An autophagosome is a spherical structure with double layer membranes. It is the key structure in macroautophagy, the intracellular degradation system for cytoplasmic contents (e.g., abnormal intracellular proteins, excess or damaged organelles, invading microorganisms). After formation, autophagosomes deliver cytoplasmic components to the lysosomes. The outer membrane of an autophagosome fuses with a lysosome to form an autolysosome. The lysosome's hydrolases degrade the autophagosome-delivered contents and its inner membrane.

The formation of autophagosomes is regulated by genes that are well-conserved from yeast to higher eukaryotes. The nomenclature of these genes has differed from paper to paper, but it has been simplified in recent years. The gene families formerly known as APG, AUT, CVT, GSA, PAZ, and PDD are now unified as the ATG (AuTophaGy related) family.

The size of autophagosomes vary  between mammals and yeast. Yeast autophagosomes are about 500-900 nm, while mammalian autophagosomes are larger (500-1500 nm). In some examples of cells, like embryonic stem cells, embryonic fibroblasts, and hepatocytes, autophagosomes are visible with light microscopy and can be seen as ring-shaped structures.

Autophagosome formation 

The initial step of autophagosome formation of an omegasome on the endoplasmic reticulum, followed by of elongation of structures called phagophores.

The formation of autophagosomes is controlled by Atg genes through Atg12-Atg5 and LC3 complexes. The conjugate of Atg12-Atg5 also interacts with Atg16 to form larger complexes. Modification of Atg5 by Atg12 is essential for the elongation of the initial membrane.

After the formation of the spherical structure, the complex of ATG12-ATG5:ATG16L1 dissociates from the autophagosome. LC3 is cleaved by ATG4 protease to generate cytosolic LC3. LC3 cleavage is required for the terminal fusion of an autophagosome with its target membrane. LC3 is commonly used as a marker of autophagosomes in immunocytochemistry, because it is the essential part of the vesicle and stays associated until the last moment before its fusion. At first, autophagosomes fuse with endosomes or endosome-derived vesicles. These structures are then called amphisomes or intermediate autophagic vacuoles.   Nonetheless, these structures contain endocytic markers even small lysosomal proteins such as cathepsin D.

The process is similar in yeast, however the gene names differ. For example, LC3 in mammals is Atg8 in yeast and autophagosomes are generated from Pre-Autophagosomal Structure (PAS) which is distinct from the precursor structures in mammalian cells.
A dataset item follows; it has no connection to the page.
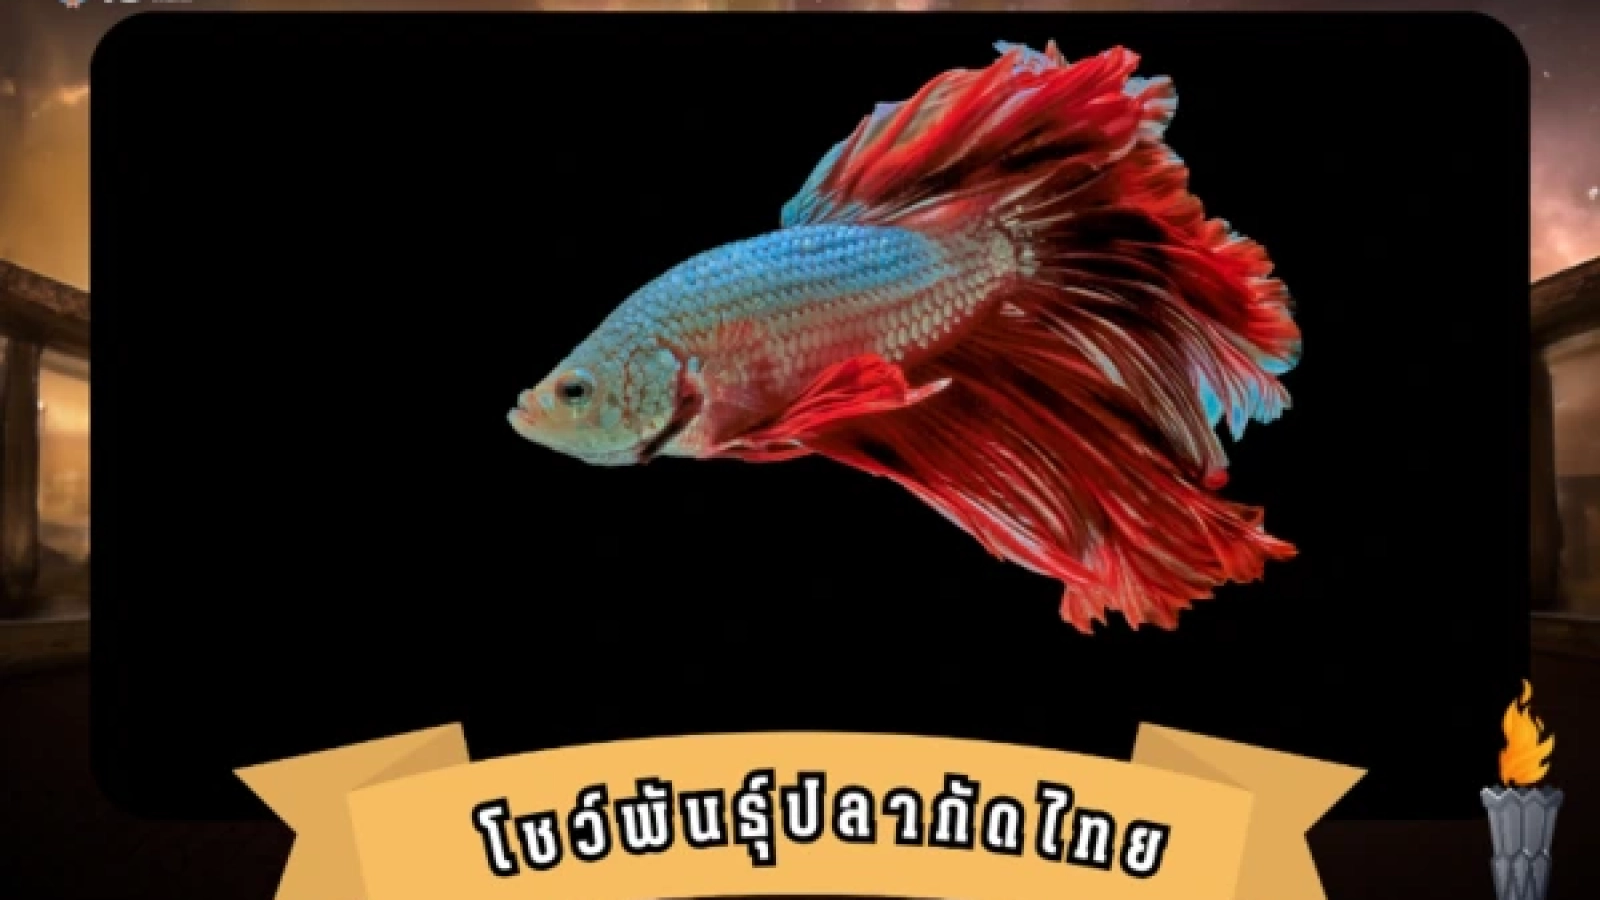 โชว์พันธุ์ปลากัดไทย
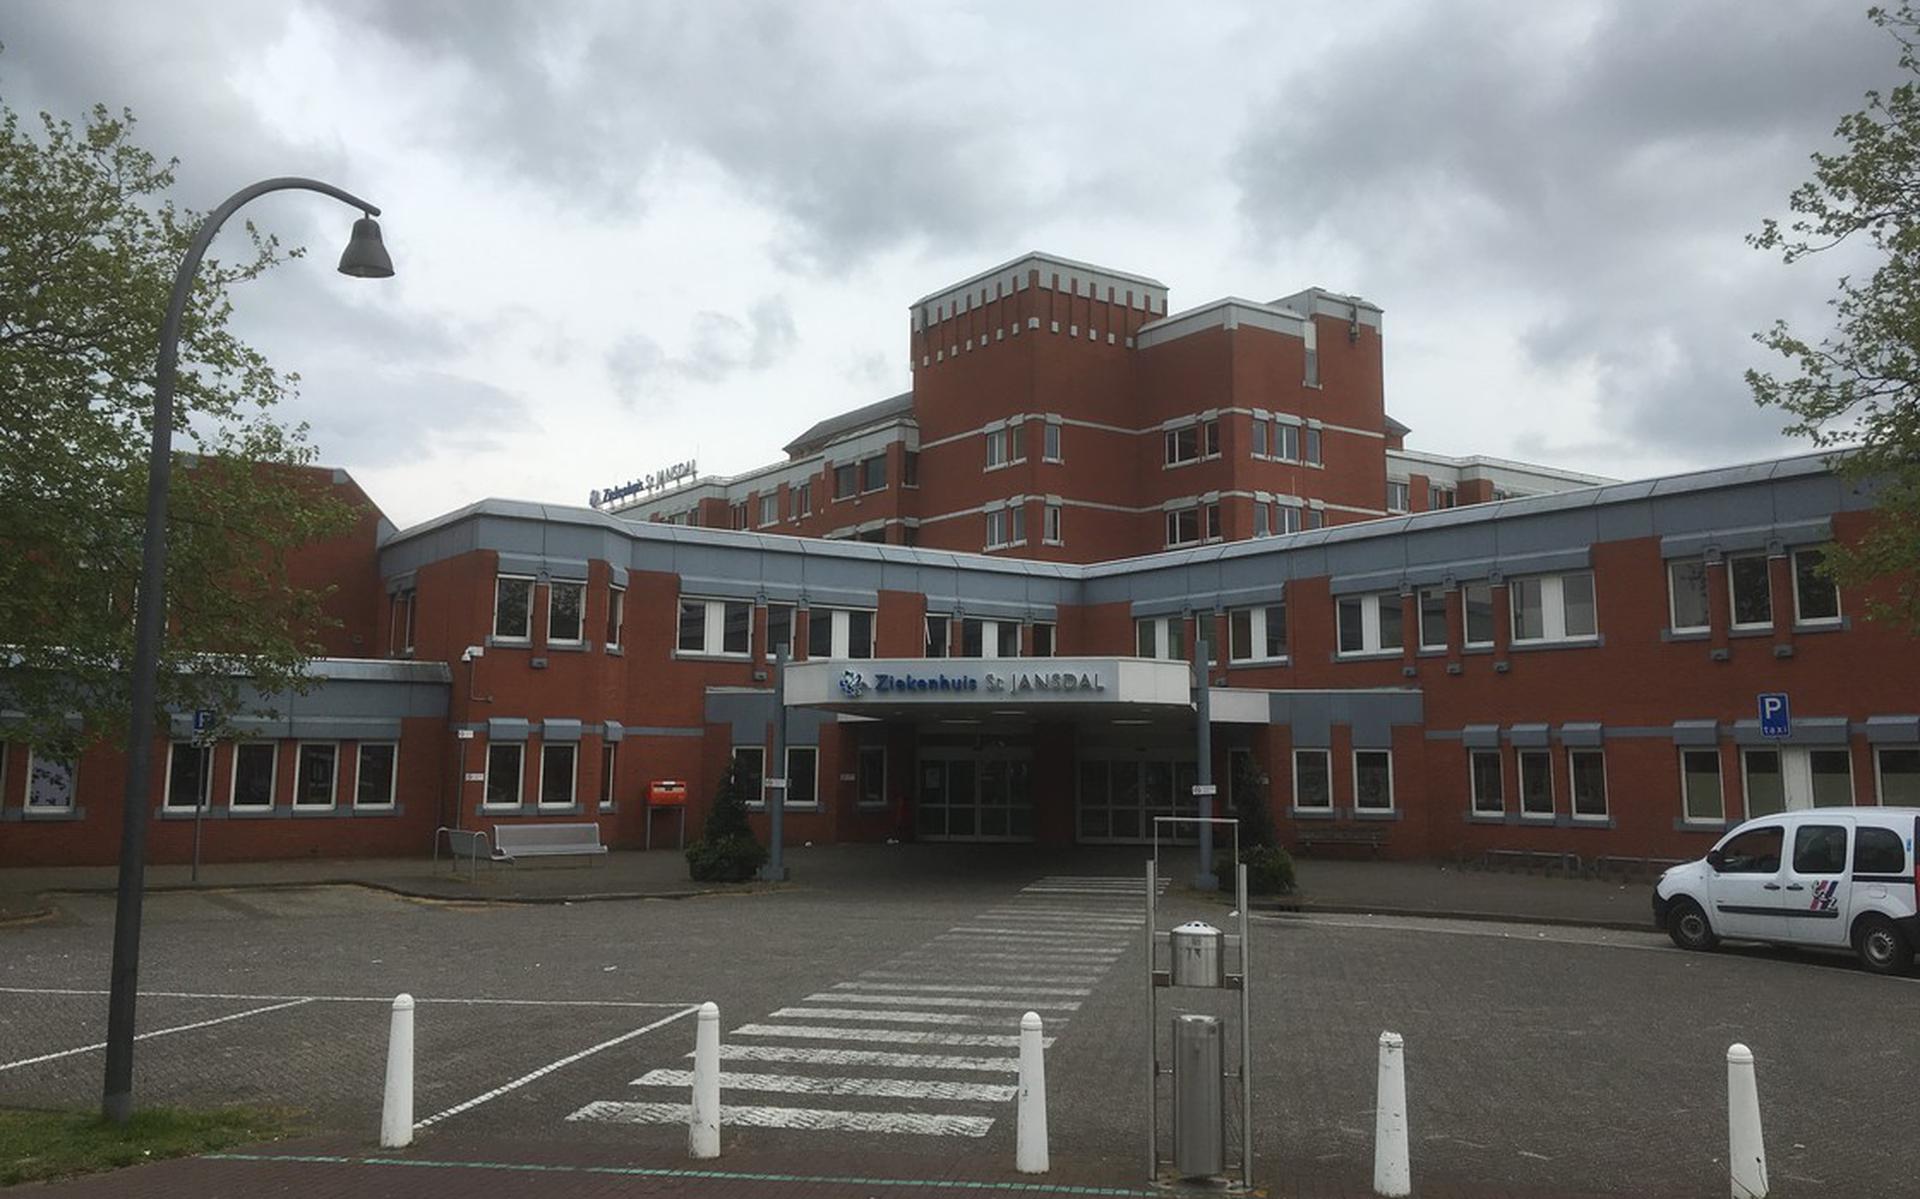 Ziekenhuis St Jansdal in Lelystad.

The pre-autophagosomal structure in yeast is described as a complex localized near the vacuole. However the significance of this localization is not known. Mature yeast autophagosomes fuse directly with vacuoles or lysosomes and do not form amphisomes as in mammals.

In yeast autophagosome maturation, there are also other known players as Atg1, Atg13 and Atg17. Atg1 is a kinase upregulated upon induction of autophagy. Atg13 regulates Atg1 and together they form a complex called Atg13:Atg1, which receives signals from the master of nutrient sensing – Tor. Atg1 is also important in late stages of autophagosome formation.

Function in neurons 

In neurons, autophagosomes are generated at the neurite tip and mature (acidify) as they travel towards the cell body along the axon. This axonal transport is disrupted if huntingtin or its interacting partner HAP1, which colocalize with autophagosomes in neurons, are depleted.